Mr. C. Faulkner, chairman of the Finance Committee, said he would not like people to think the council was without sympathy for young people and the Rock Foundation.

However, there had been 19 cases involving £500 a year where rates had been reduced by fifty per cent. If they gave additional relief to the Rock Foundation they would have to do the same to the others and it would reduce the rate income considerably.

Mrs. G. Marriott and Mr. R. H. Marriott proposed and seconded that the Finance Committee should reconsider, but they were the only two people who voted for the proposition and it was heavily defeated.

Mrs. Marriott said she thought the Rock Foundation should be considered singularly. She said it provided a very useful service to the town at no cost to the rates.

Mr. Marriott said he thought all charitable organisations should get rate relief – they did in other towns.

Mr. C. Freeman said he thought they should get things in the right perspective. “The youth of today earn good money and with the pocket money they get they should be able to stand on their own feet and not want the best of both worlds.”

The Rushden Echo, 28th July 1967, transcribed by Jim Hollis

Rock foundation fight on for rates relief

Rushden Rock Foundation’s hope for 100 per cent rate relief grant was not approved by Rushden Urban Council on Wednesday night – but the fight is not over yet.

Immediately after the council meeting an obviously disappointed, but not completely discouraged, Mr. A. H. Edge – one of the foundation’s trustees – told the “Echo”: We plan a committee meeting and to ask the Finance and General Purposes Committee to meet the trustees to discuss the foundation.”

The foundation, basically concerned with youth work, already receives a 50 per cent rate relief grant which it is entitled to as a charitable organisation.
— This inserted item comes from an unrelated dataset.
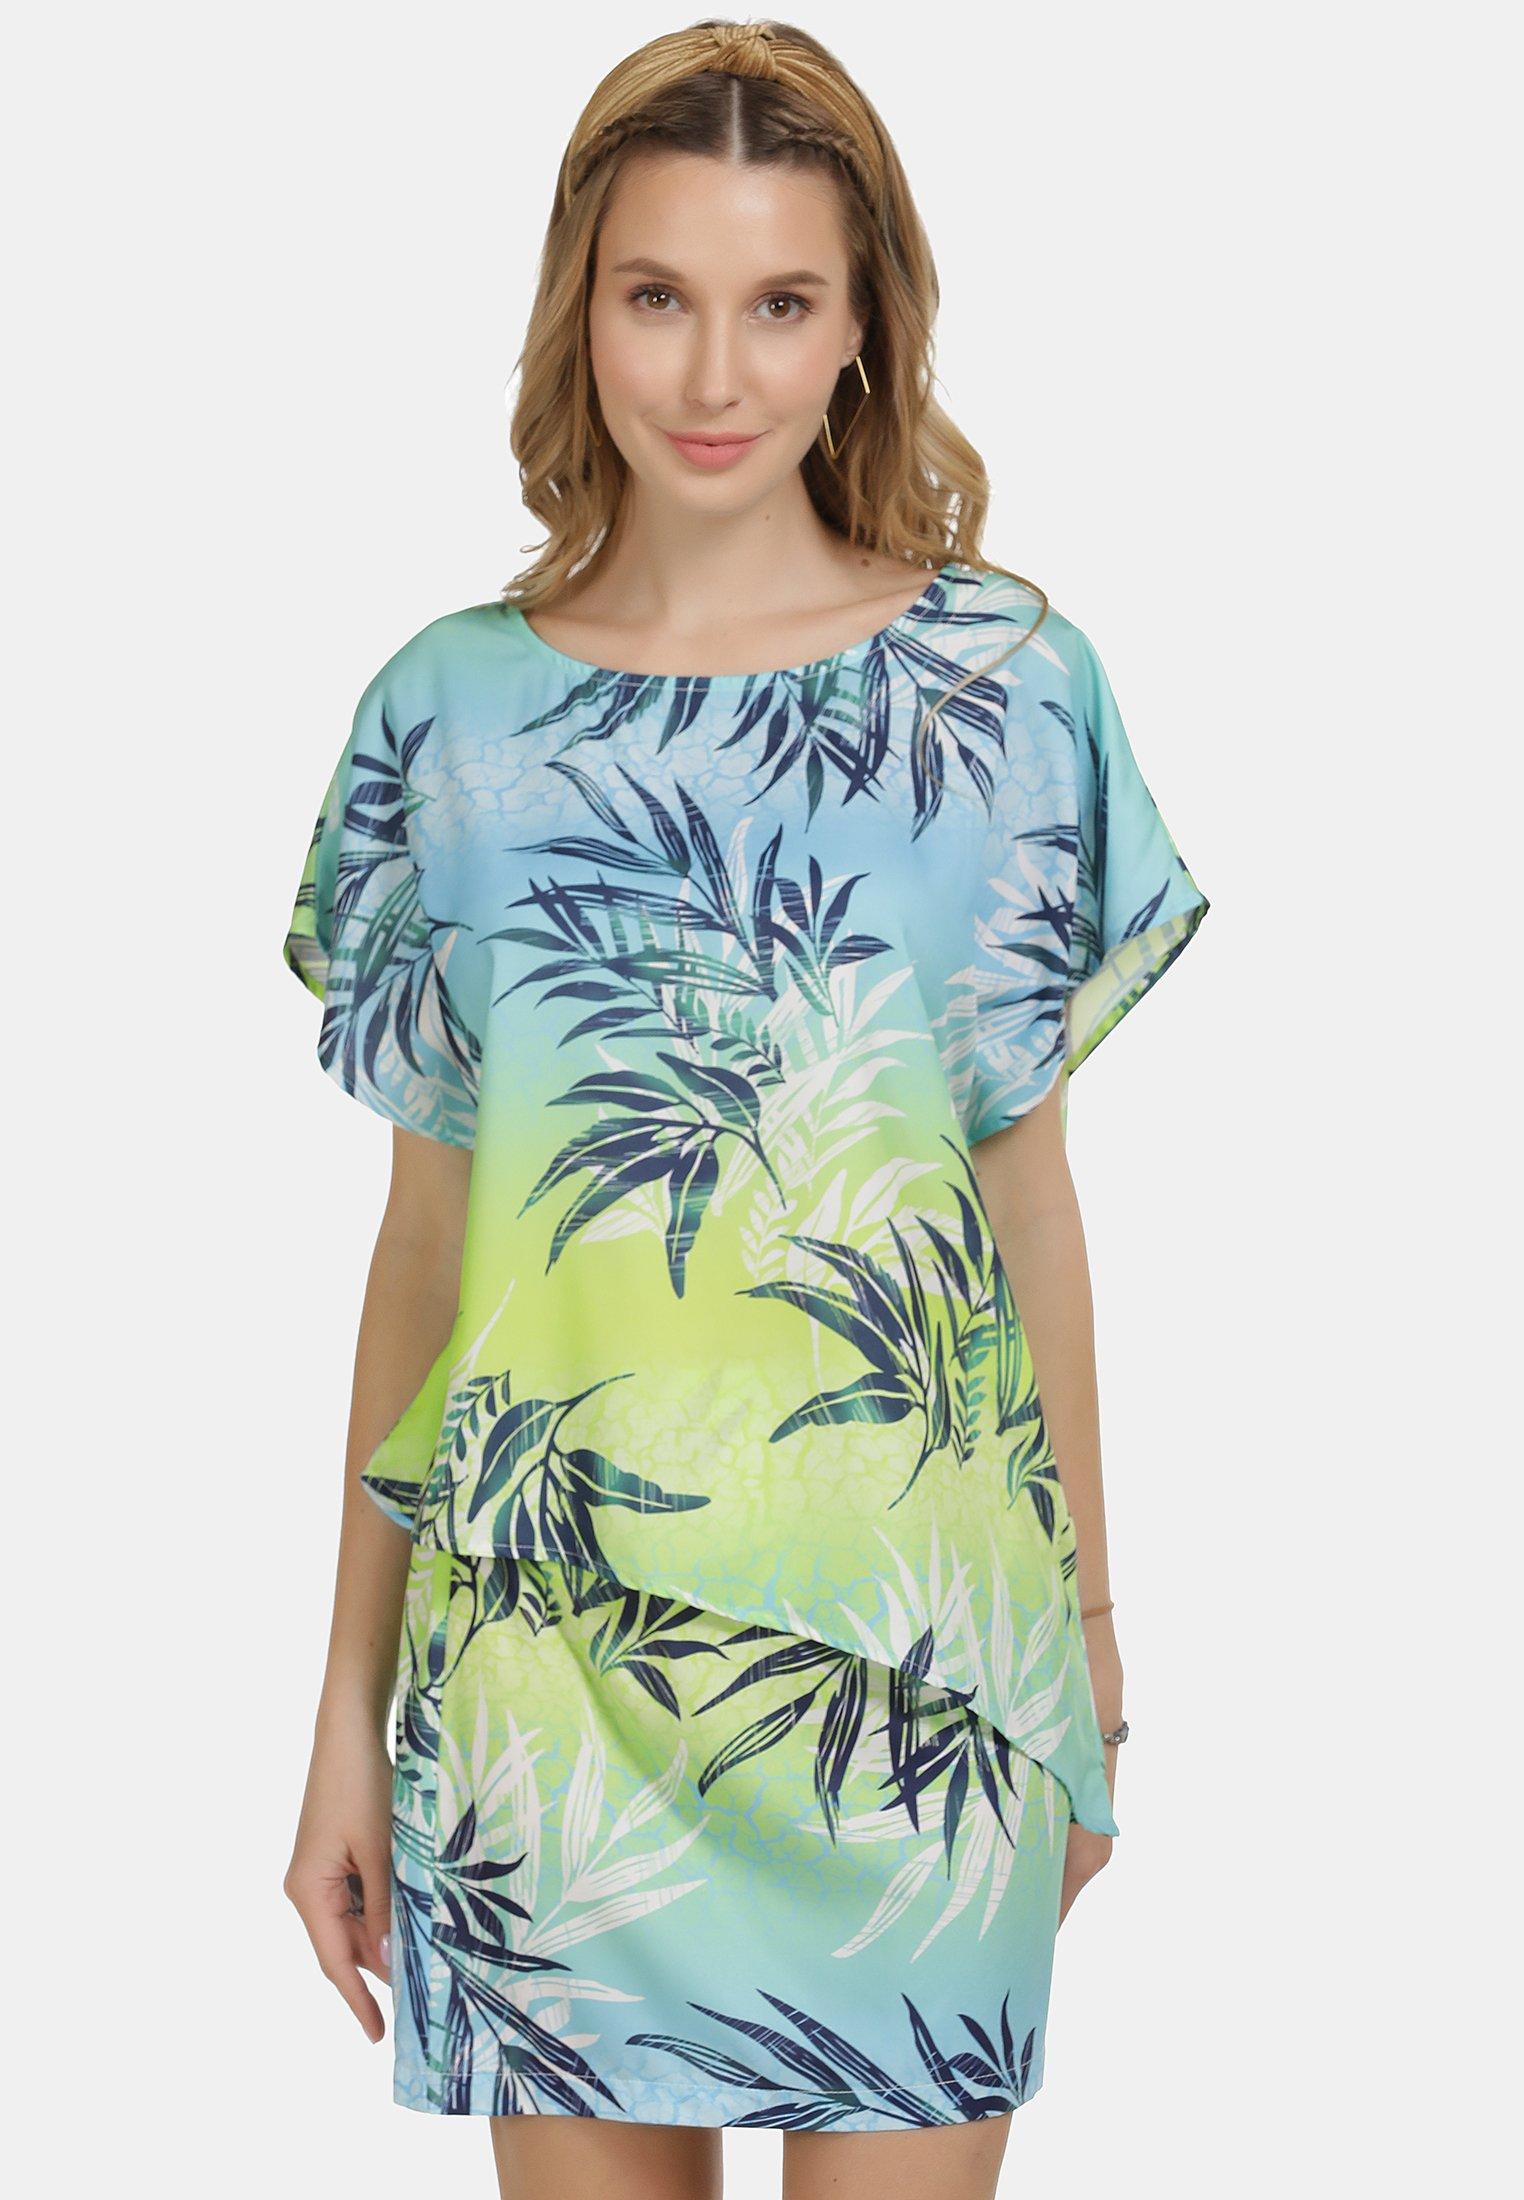 Donna IZIA PRINT-SHIRT - T-shirt con stampa

The council has the power to grant 100 per cent relief at its own discretion, but so far it never has. The council argues that there are 19 other organisations in the town receiving the 50 per cent cut, and if it made an exception with one it would have to apply to the others.

The foundation argues that it has never paid rates in its 200 year history. The premises in Little Street, although used for youth work for many years, were owned by a religious body so no rates were paid.
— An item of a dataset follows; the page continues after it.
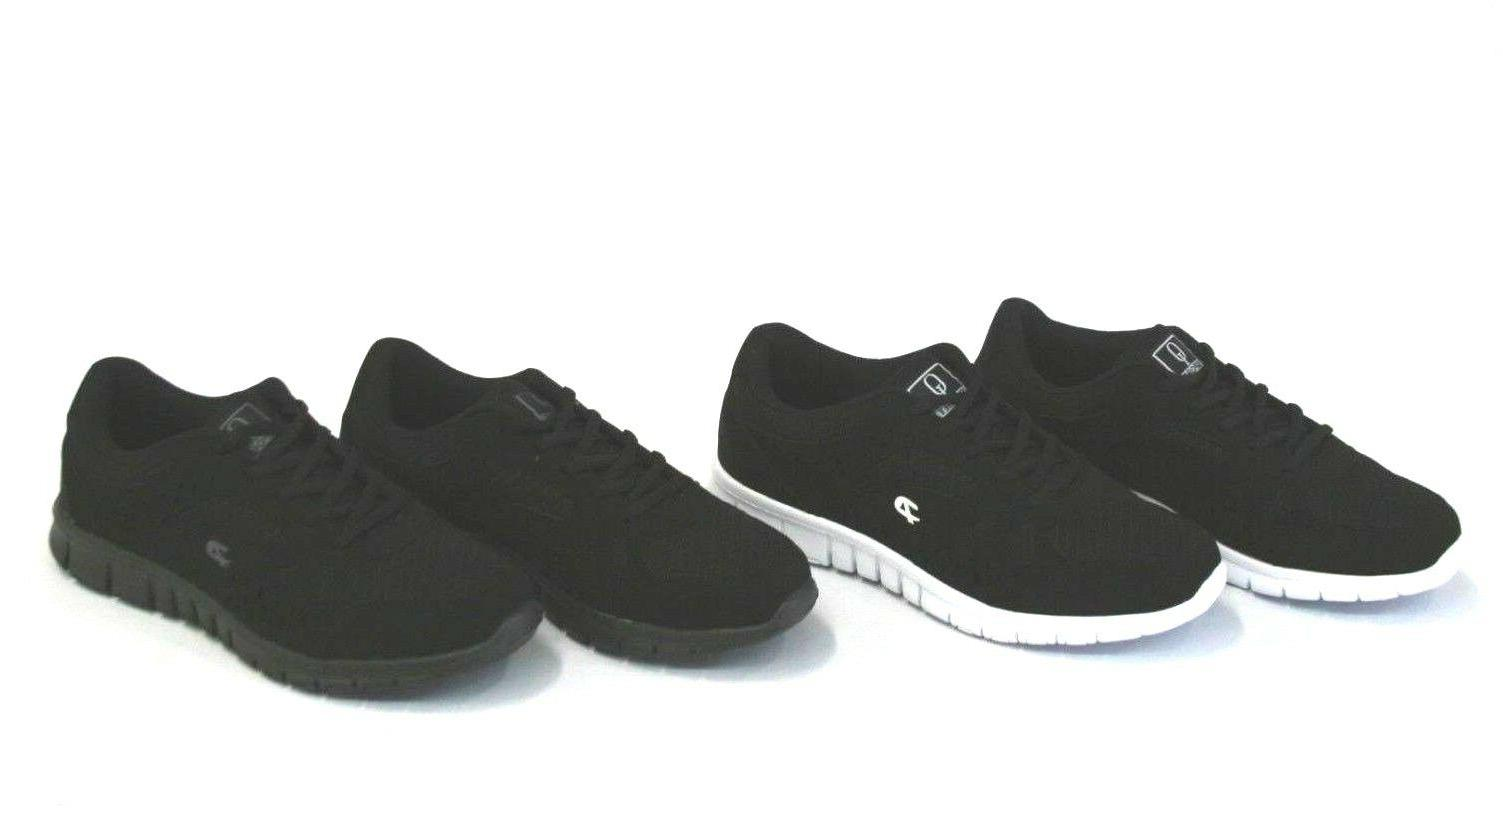 Mens Athletic Running Tennis Shoes Light Weight Walking Trai

The rates the council is demanding amount to £55 a year and Mr. Edge said the foundation could not pay them unless its whole policy was drastically re-arranged.

“I do not think many members know what the Rock Foundation is or how it works, that is why we would like to meet the committee,” Mr. Edge said.

He said the Rock Foundation was a central body but there were four sub-groups using the premises. Each kept its own balance sheet and paid a sub-letting fee. This is a form of subscription.

Mr. Brown, chairman of the committee, told the council that he had every admiration for the foundation and he was sure it was doing a useful job. However, most of its members were in the higher teenage group – some were adults.

There were other organisations in the town able to pay their 50 per cent rates – the Scouts – and he did not think an exception could be made with the foundation.

Mr. A. Goulsbra said the trustees felt strongly about this question as a matter of principal.

He wondered if members knew how the organisation functioned, and he asked the finance committee to consider meeting the trustees.

15th September 1967

Guild hear about Rock Foundation problems

The financial predicament of the Rushden Rock Foundation – which houses two youth groups the Christian Youth Association and its offshoot, the Cosmopolitan Club – was outlined by Mr. Alan Edge, a trustee, at a meeting of Rushden Women’s Co-operative Guild last week.

Mr. Edge, who is also the organisation’s management committee chairman, said the foundation had hoped to be exempted from rate demands for the Rock Foundation Hall, Little Street, but this had not materialised.

He commented: “It seems a pity that 21 years of useful voluntary work must end because an unnecessary straw has finally broken the camel’s back.”